What you have to do
Only the lines from the one containing "Villemotier" to the end of the data should be copied, exactly and without pictures.

Data shown
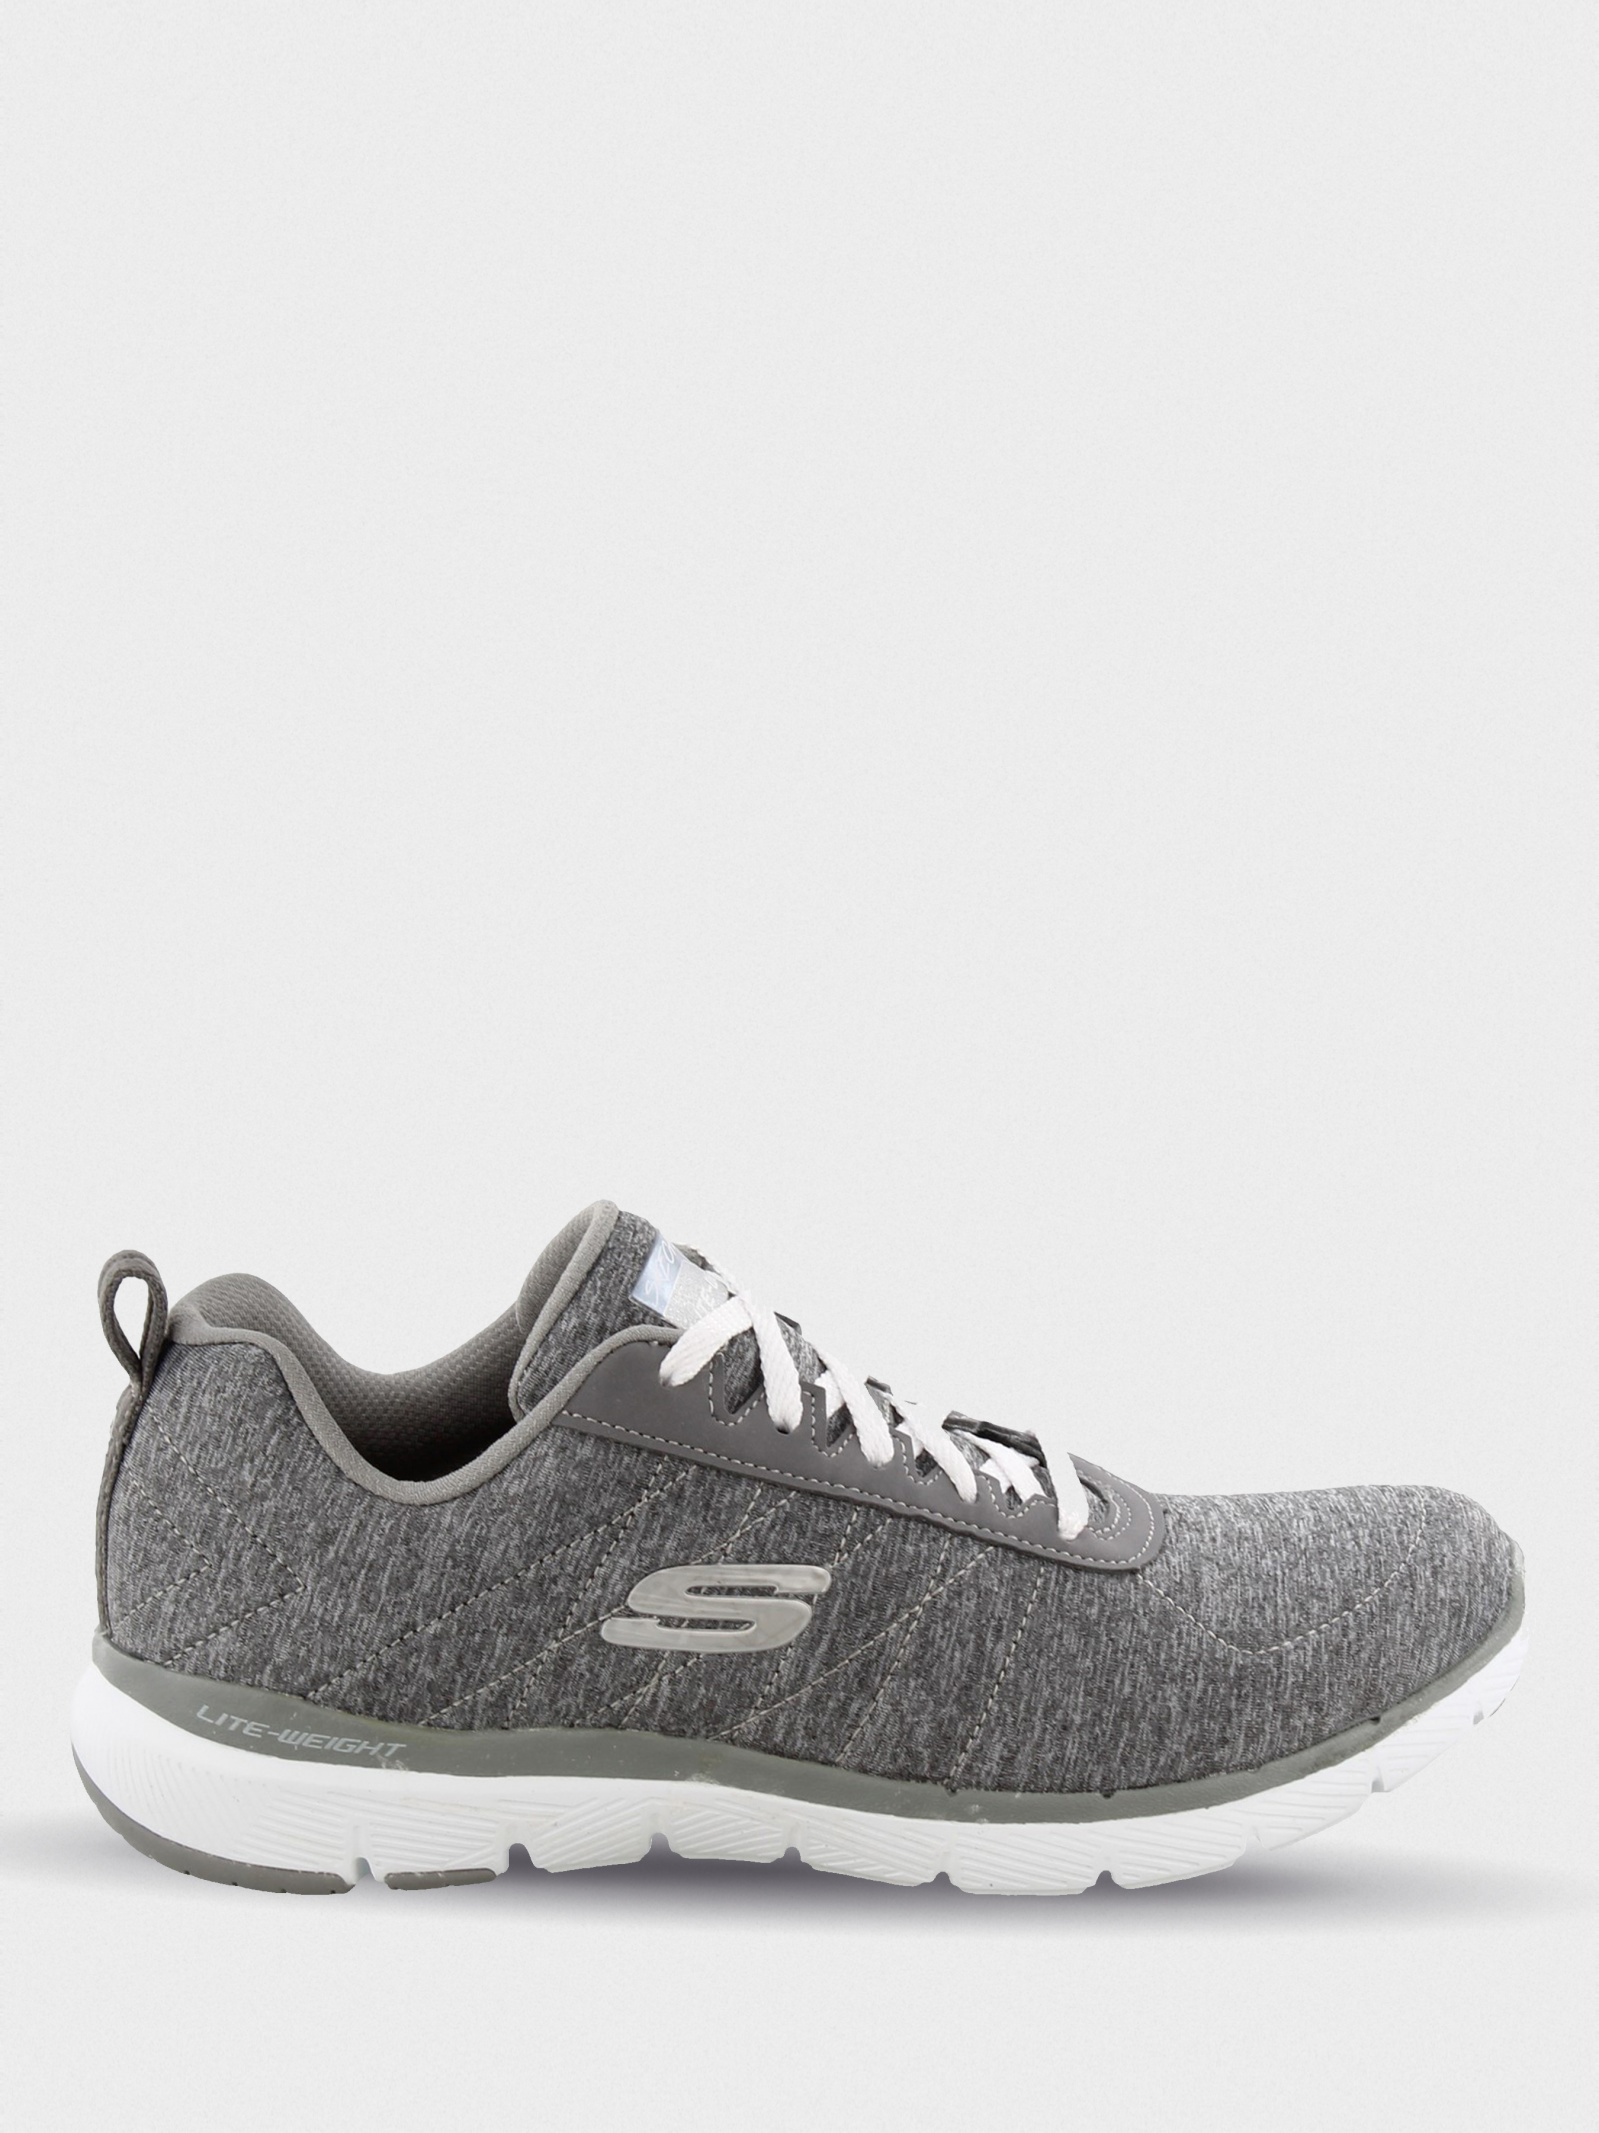 Кроссовки для женщин Skechers Sport Womens 13067W GRY купить в Интертоп, 2017
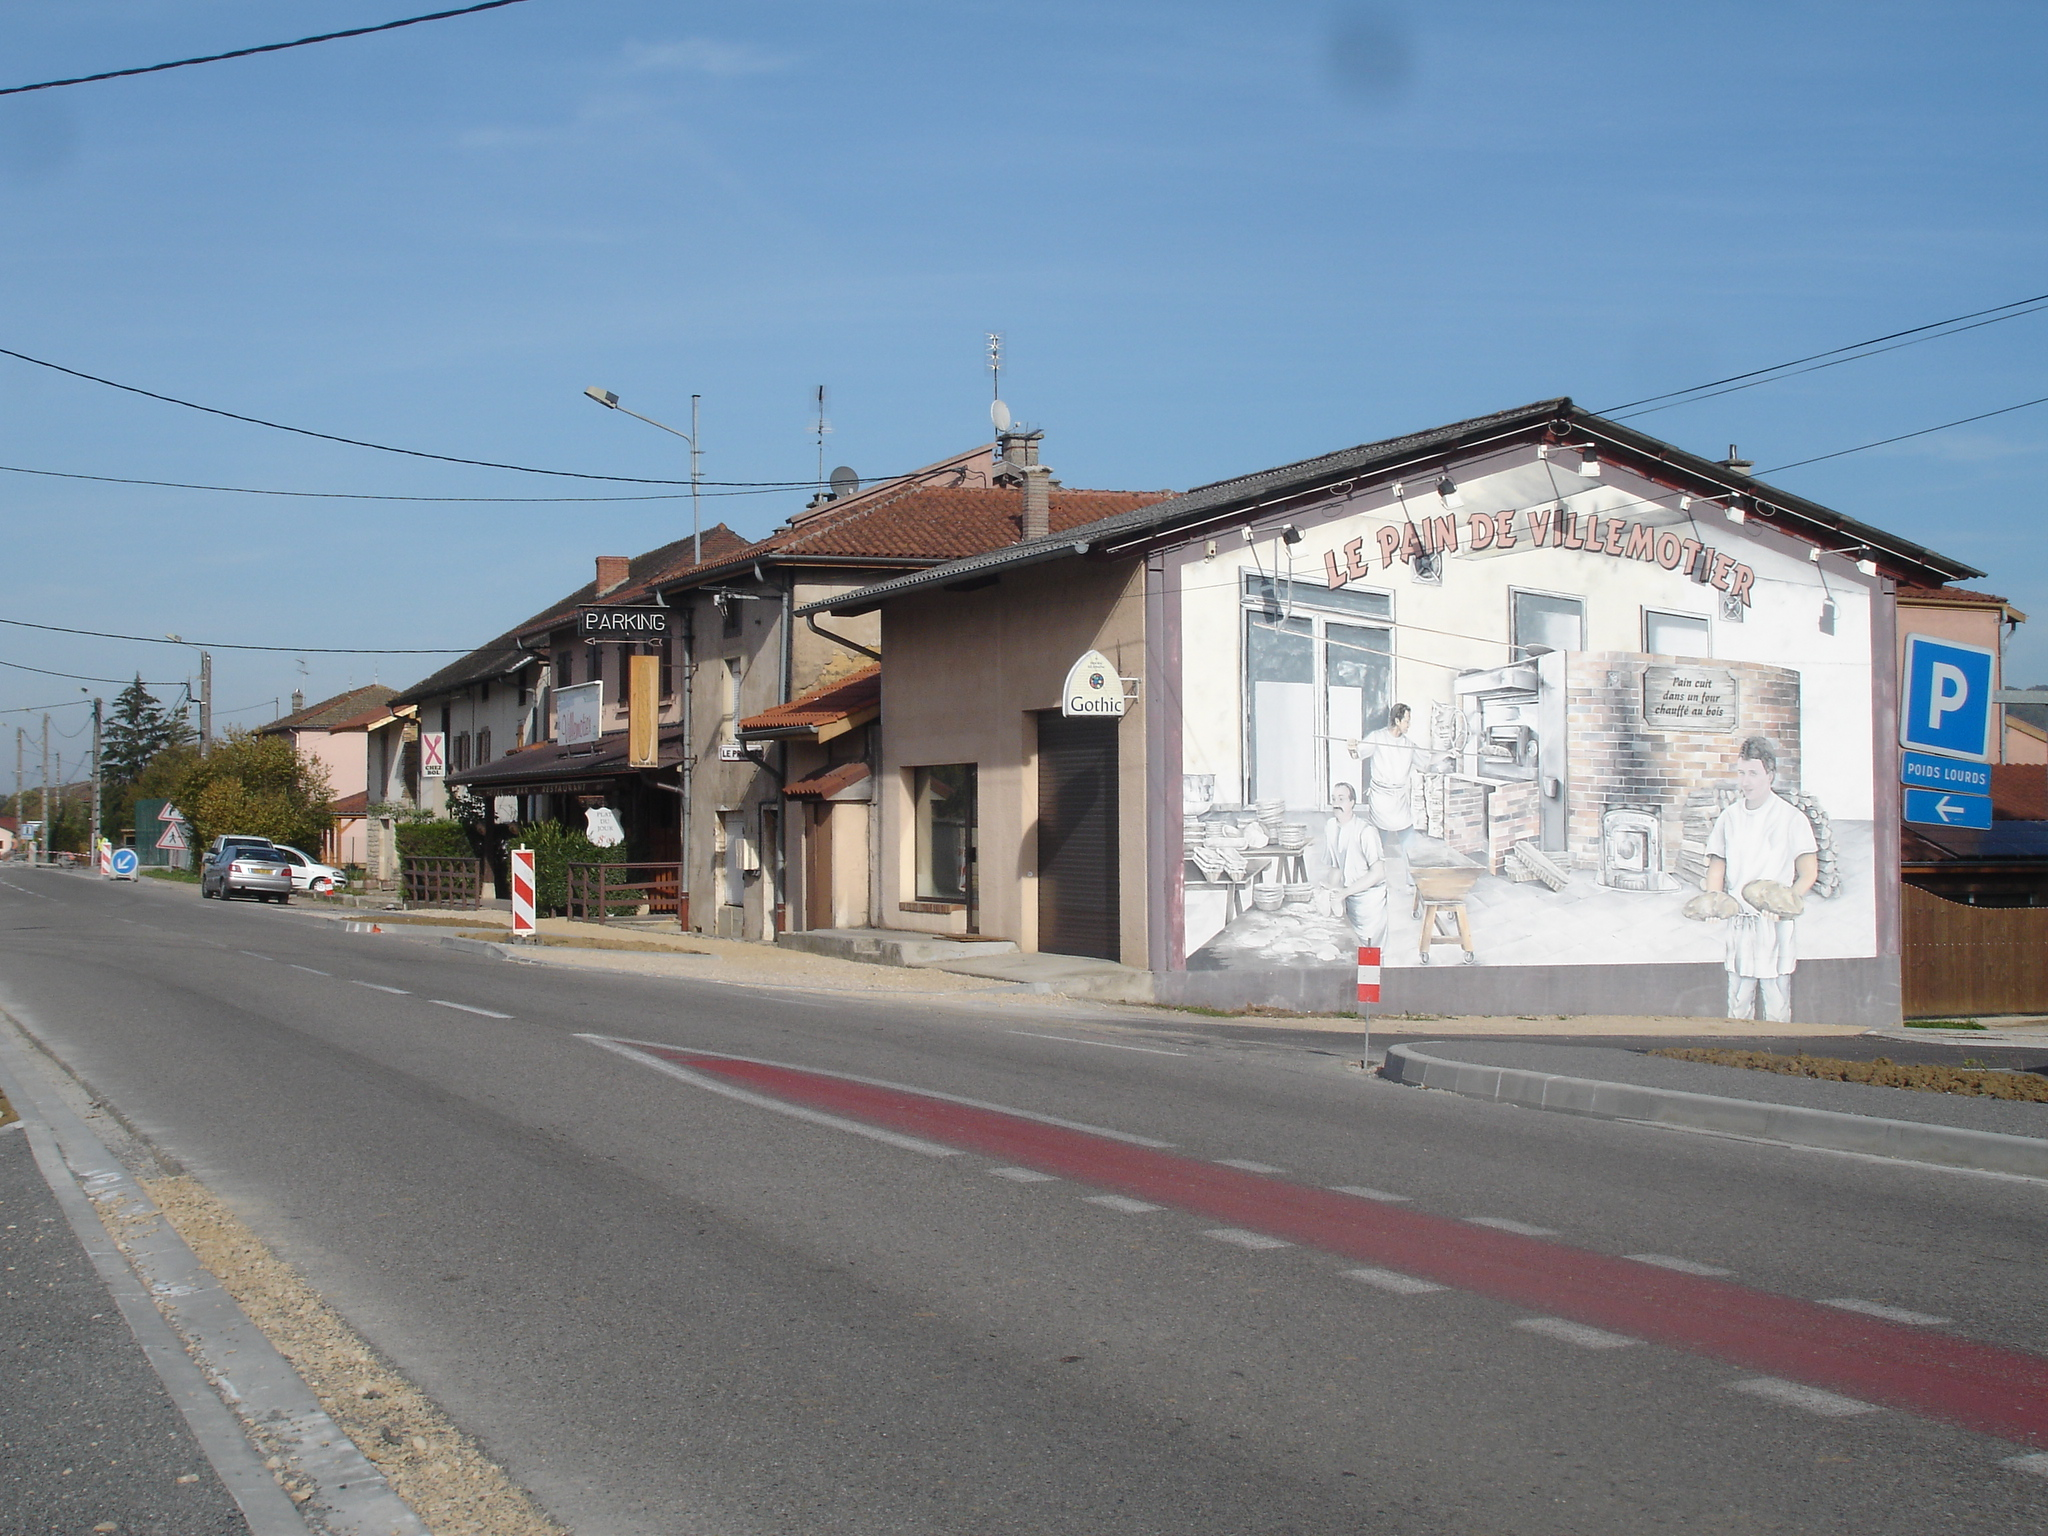 Villemotier
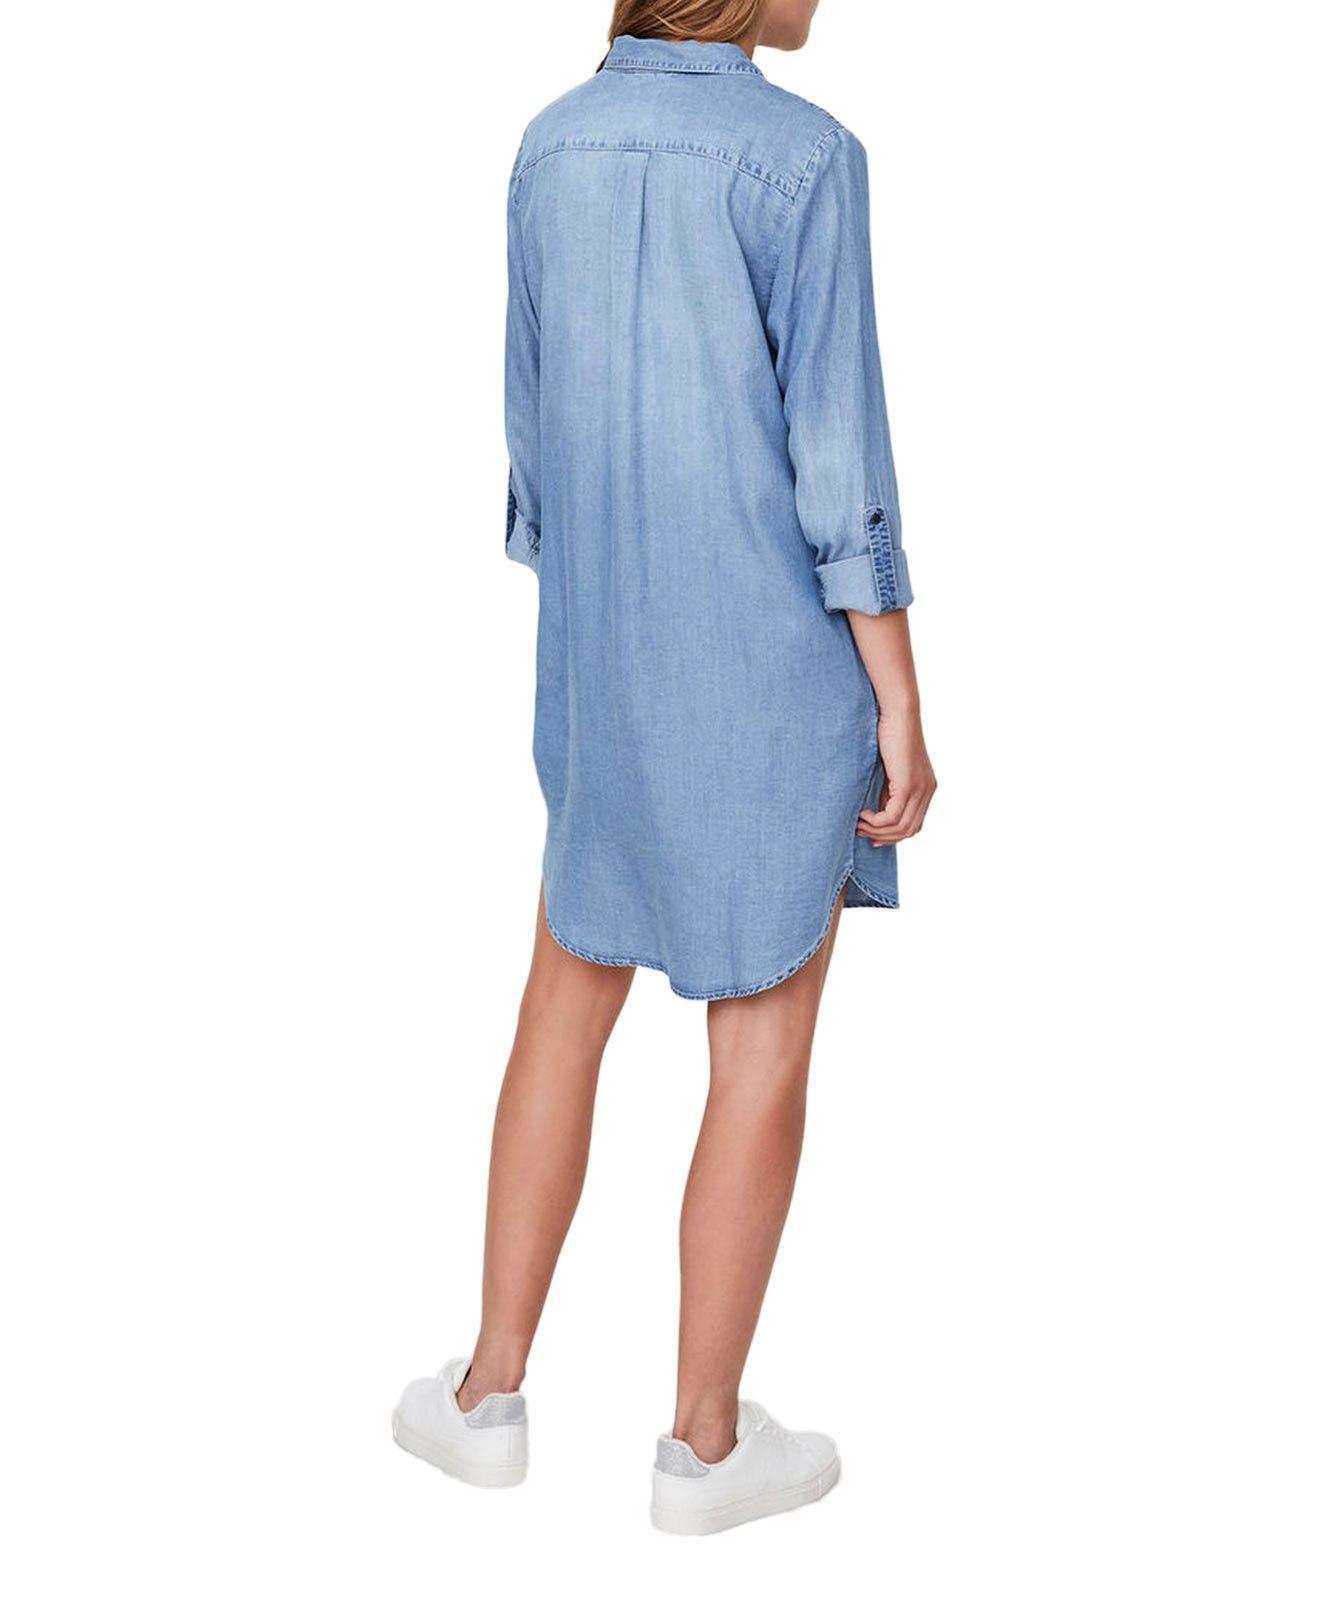 Vero Moda Jeanskleid Silla In Hellblauem Light Blue Denim

Answer space
 Villemotier
 Vero Moda Jeanskleid Silla In Hellblauem Light Blue Denim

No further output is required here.